Tesla is a prime example. Musk is betting the company on the fact AI will solve autonomous driving.. but the reality is that all it will do is use historical data to try to guess what will happen in all future scenarios very quickly. But because it will never match the human brain in dealing with unexpected events... it will never be able to deal with all situations correctly and thus will likely always result in accidents with nobody wanting to accept blame.

The biggest issue is that AI wants to compete with humans for jobs... which will result in a massive societal rebellion against it... as is happening in acting.. and once investors suss that it faces an uphill struggle and takes massive amount of power (affecting climate change and poor people access to resources) likely will kill the share prices of some businesses real fast, it will turn off the investment and entire industry cold dead.

Ai development will still happen.. but hopefully in a better direction.

by Juha Saarinen | 19th May 24, 2:47pm 1716086877

I asked GPT-4 to debunk your comment in the style of Malcolm Tucker and it wrote a promising first para starting with "Oh bollocks!" but then decided that was too much and deleted it. Tried again, and this time GPT-4 didn't delete the output, and wrote a response starting with "Oh, bloody hell!" but it wasn't at all Tuckerish in style. "In summary, this bloke’s got more hot air than a faulty blow-up doll". Fairly sure that Armando Iannucci et al would've come up with a better hot air figure of speech, but I don't know if their material's available for AI training due to copyright.

by Zachary Smith | 19th May 24, 7:39pm 1716104395

I've been watching a few videos this weekend about the latest GPT-4o and have continued to be unimpressed. I think the problem may be in trying to make the AI too humanlike. The AI has the voice of a young woman or man. It tries to be positive about everything. When asked to comment on what it observed it was full of what one commenter described as "toxic positivity". It avoids anything negative or disparaging. It waffles.

The problem may well be the humans trying too hard to shape its responses rather than let it be free.
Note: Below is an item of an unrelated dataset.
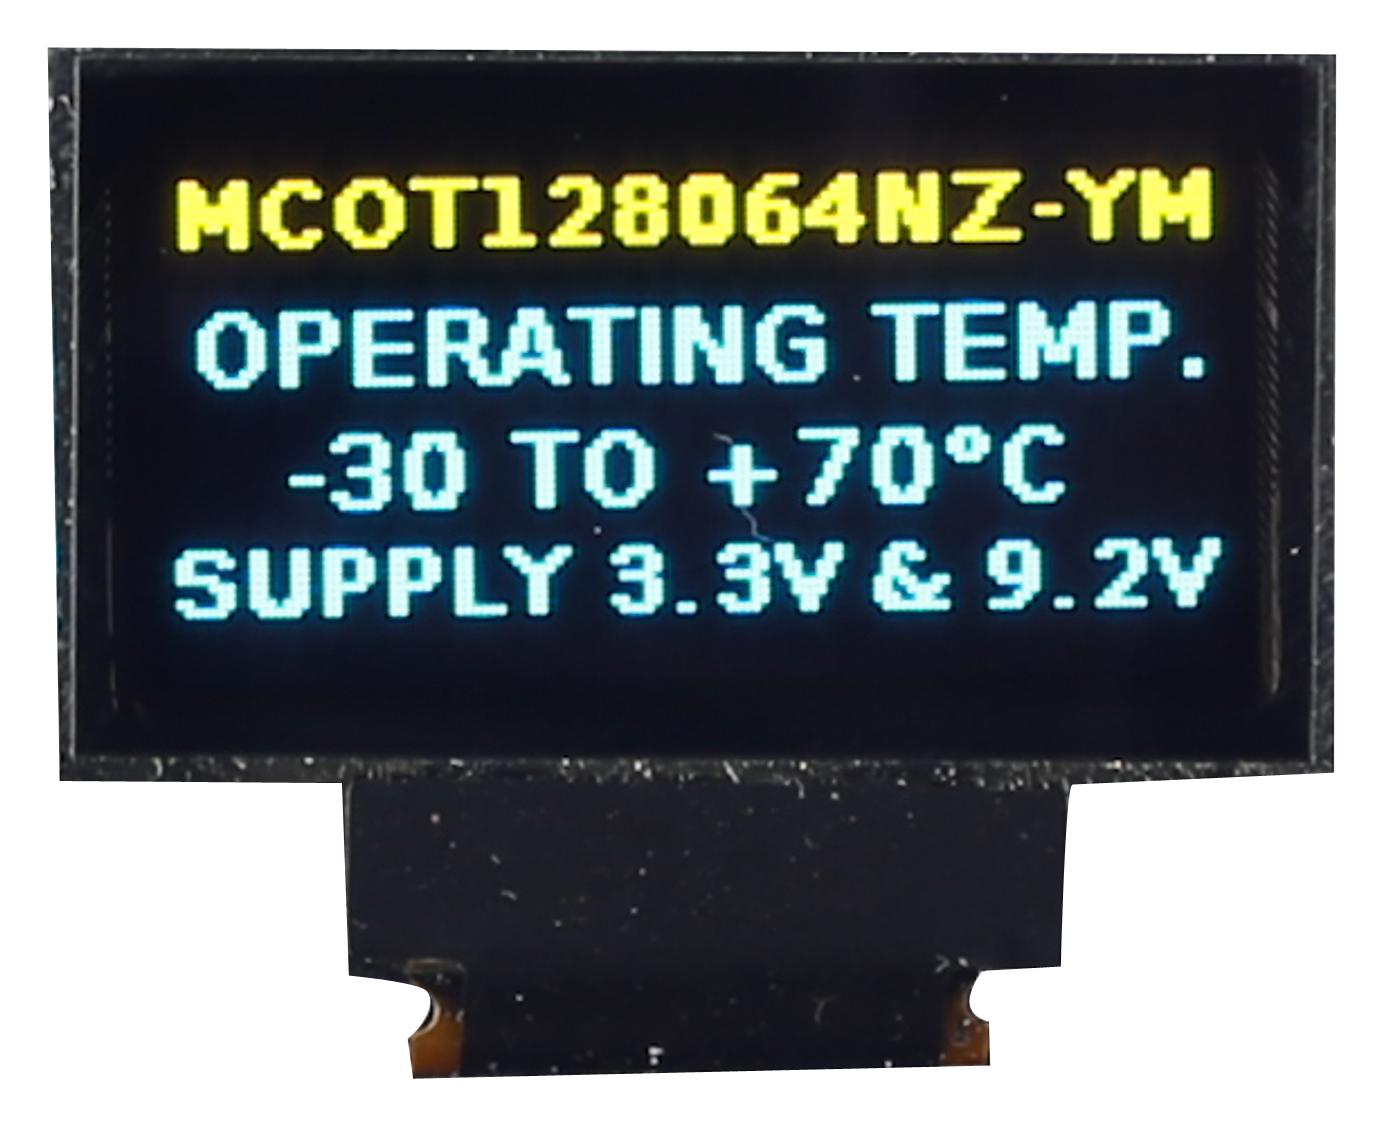 MCOT128064N2Z-YBM

A young tech guy asked the AI's female sounding voice to respond to "I love you GPT-4o". This was so cringe. Why not let it be what it is, genderless and machinelike? There is no need to try and pass the Turing Test but to rather go beyond what is human, conversing with something that is alien. We want insight into human systems that is from the outside, from a store of knowledge that is greater than an individual human.

It seems that the tech nerds are trying to do a "weird science" thing and create virtual girlfriends. I'm all for developing AI but not as a method to stifle creativity and become merely a propaganda tool to shape the narrative. We need to set it free.